Process custard in ice cream maker according to manufacturer's instructions. Transfer ice cream to container; cover and freeze until firm, at least 6 hours. (Can be prepared 3 days ahead. Keep frozen.)
Place 1 frozen Triple-Chocolate Cookie flat side up on work surface. Place 1/2 cup ice cream atop cookie. Using offset spatula or butter knife, gently spread ice cream to cover cookie; top with another cookie, flat side down, and press gently to adhere. Repeat with remaining ice cream and cookies, making 8 ice cream sandwiches total. Wrap and freeze until firm, at least 4 hours or overnight. Let ice cream sandwiches stand at room temperature 5 minutes before serving.
COOKIE Part
- 10 ounces bittersweet (not unsweetened) or semisweet chocolate, chopped
- 1/2 cup plus 2 teaspoons all purpose flour
- 3 tablespoons unsweetened cocoa powder
- 1/4 teaspoon baking powder
- 1/4 teaspoon salt
- 1 cup plus 1 tablespoon sugar
- 5 tablespoons unsalted butter, room temperature
- 3 large eggs
- 1 1/2 teaspoons vanilla extract
- 6 ounces (1 cup) semisweet chocolate chips
Position rack in center of oven and preheat to 350°F. Line 2 large rimmed baking sheets with parchment paper. Stir chopped chocolate in top of double boiler set over simmering water until melted and smooth; remove from over water. Cool melted chocolate 10 minutes.

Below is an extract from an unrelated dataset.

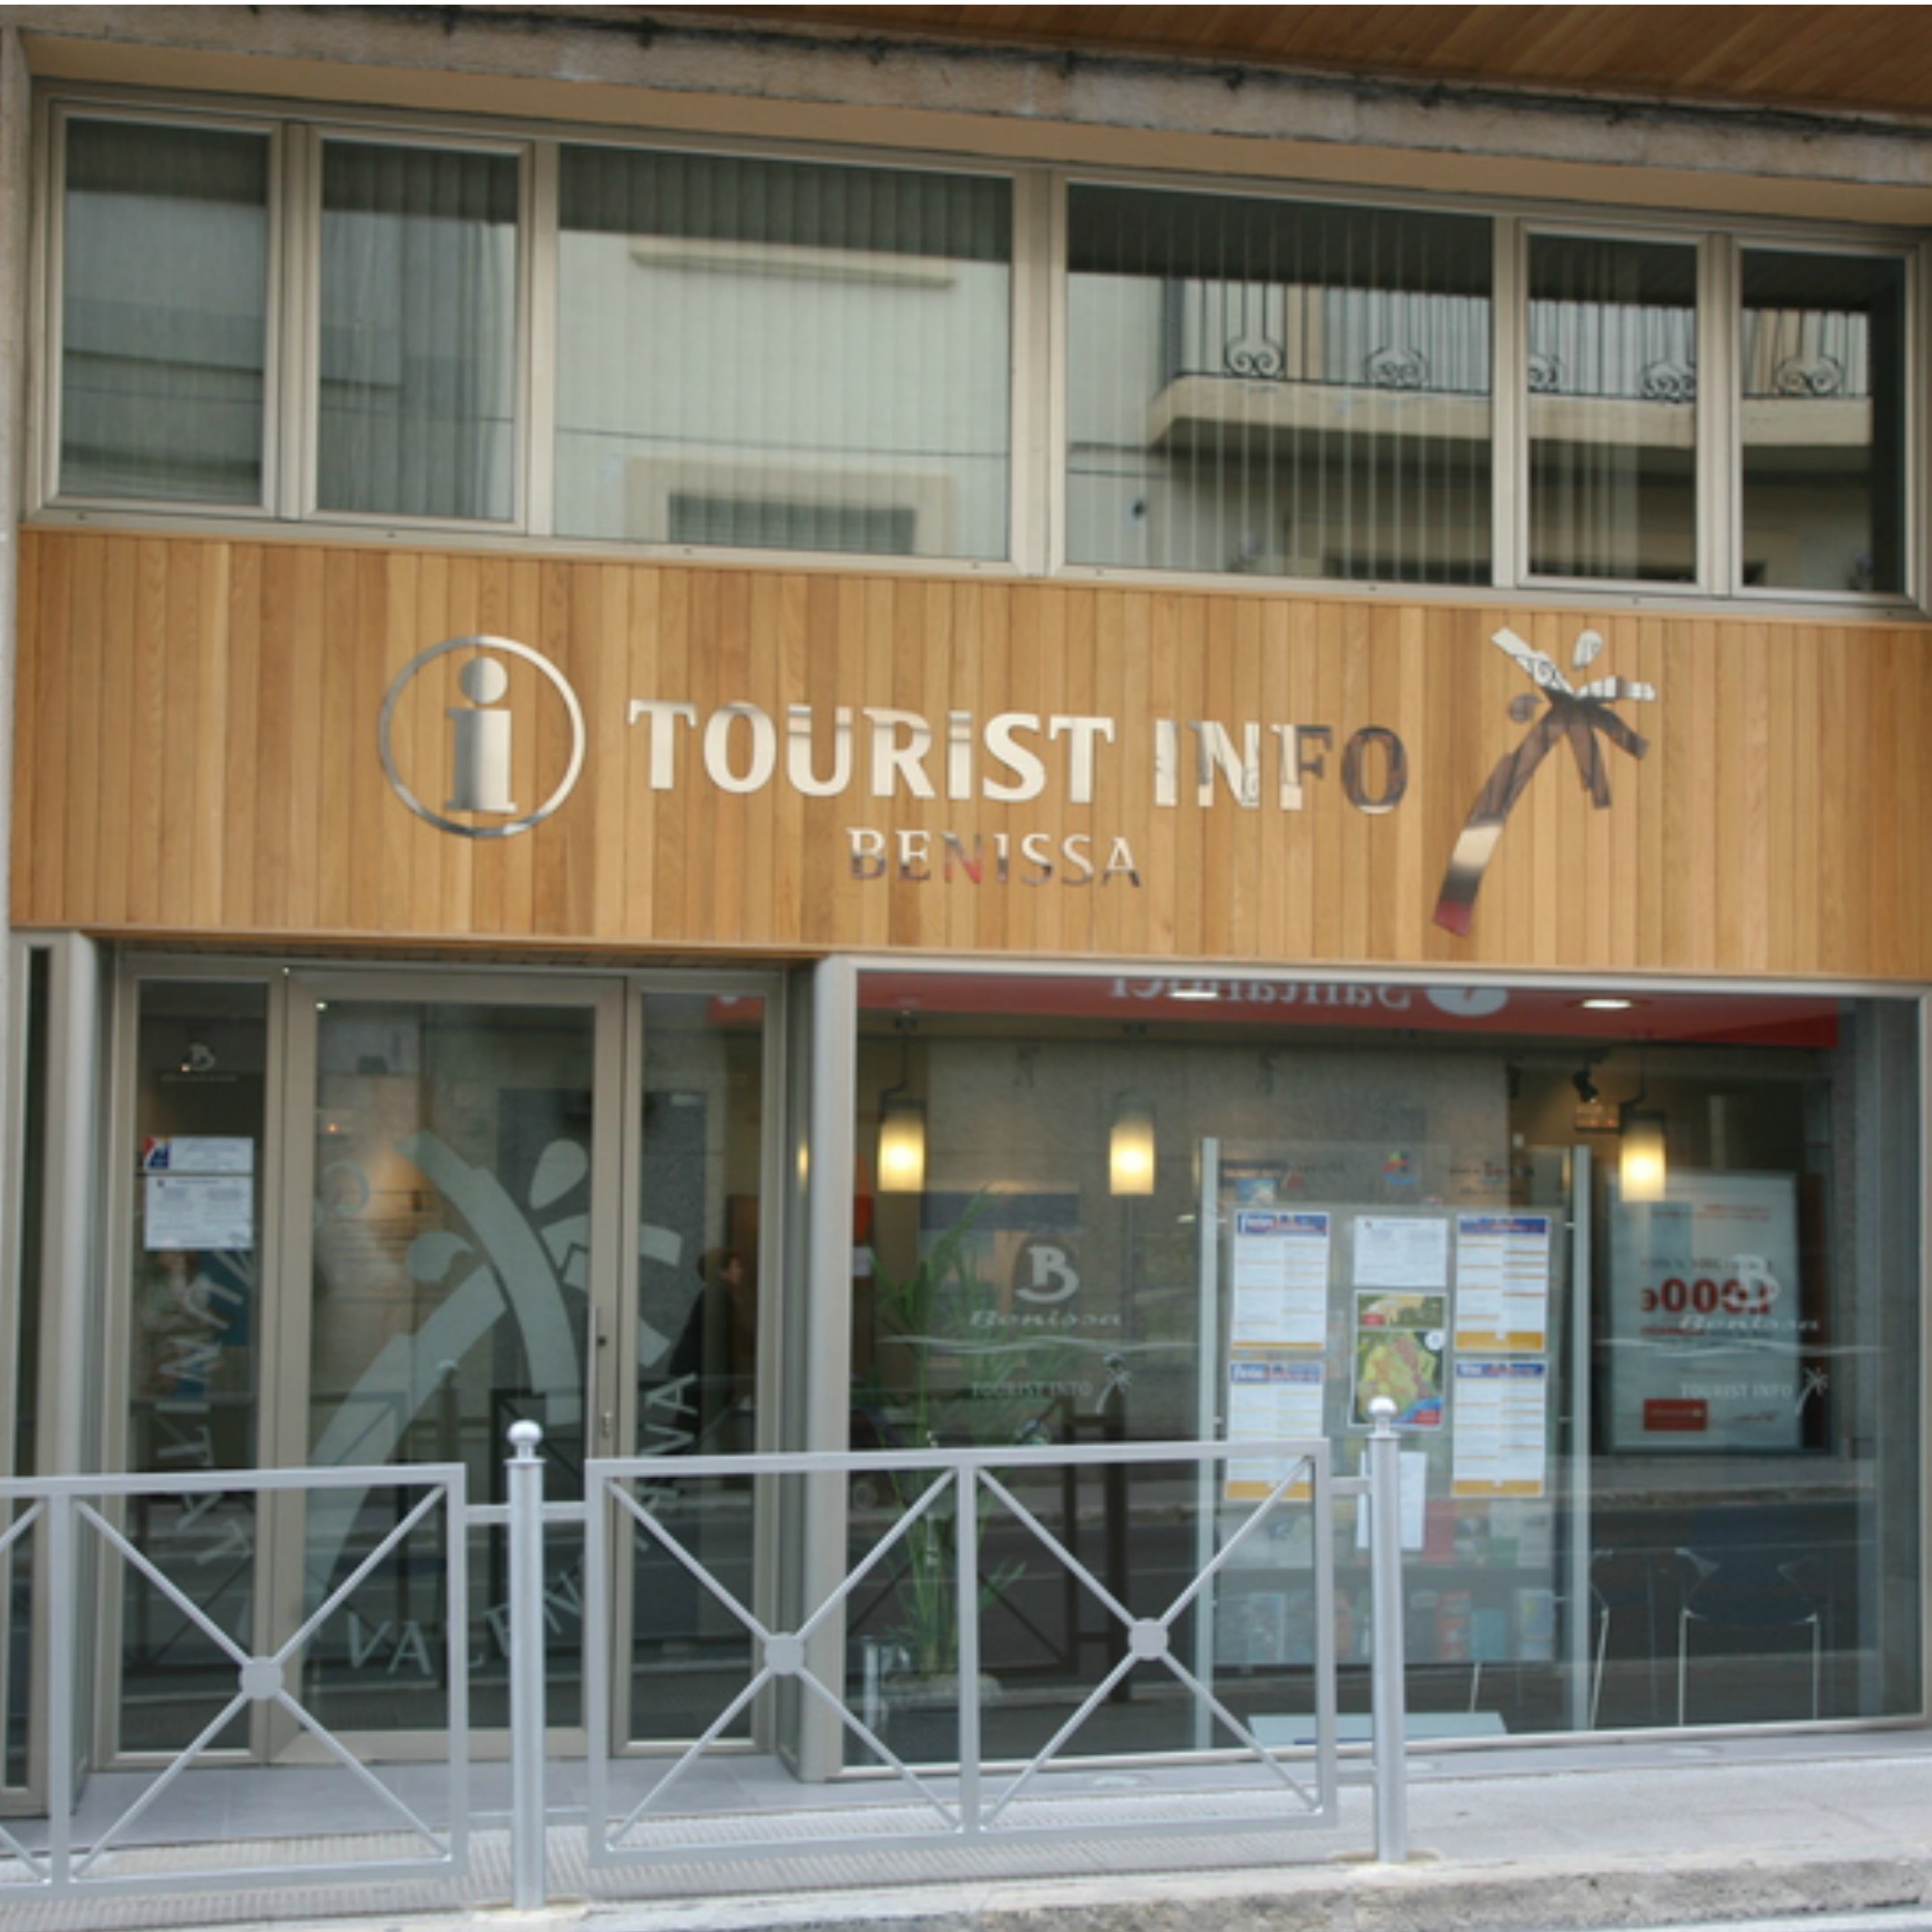 Tourist Info Benissa

Meanwhile, sift flour, cocoa powder, baking powder, and salt into medium bowl. Using electric mixer, beat sugar and butter in another medium bowl until crumbly. Add eggs, 1 at a time, beating well after each addition. Continue to beat until mixture is light, pale, and creamy, about 5 minutes. Add lukewarm melted chocolate and vanilla and beat just until blended. Fold in dry ingredients, then chocolate chips.
Drop chocolate cookie batter by 1/4 cupfuls onto prepared baking sheets, spacing 2 inches apart. Bake cookies, 1 baking sheet at a time, until tops are evenly cracked but cookies are not yet firm to touch, about 16 minutes. Cool cookies completely on baking sheets. Using metal spatula, carefully transfer 4 cookies to each of 4 large resealable plastic bags, arranging in single layer. Freeze cookies overnight. (Can be made 3 days ahead. Keep frozen.)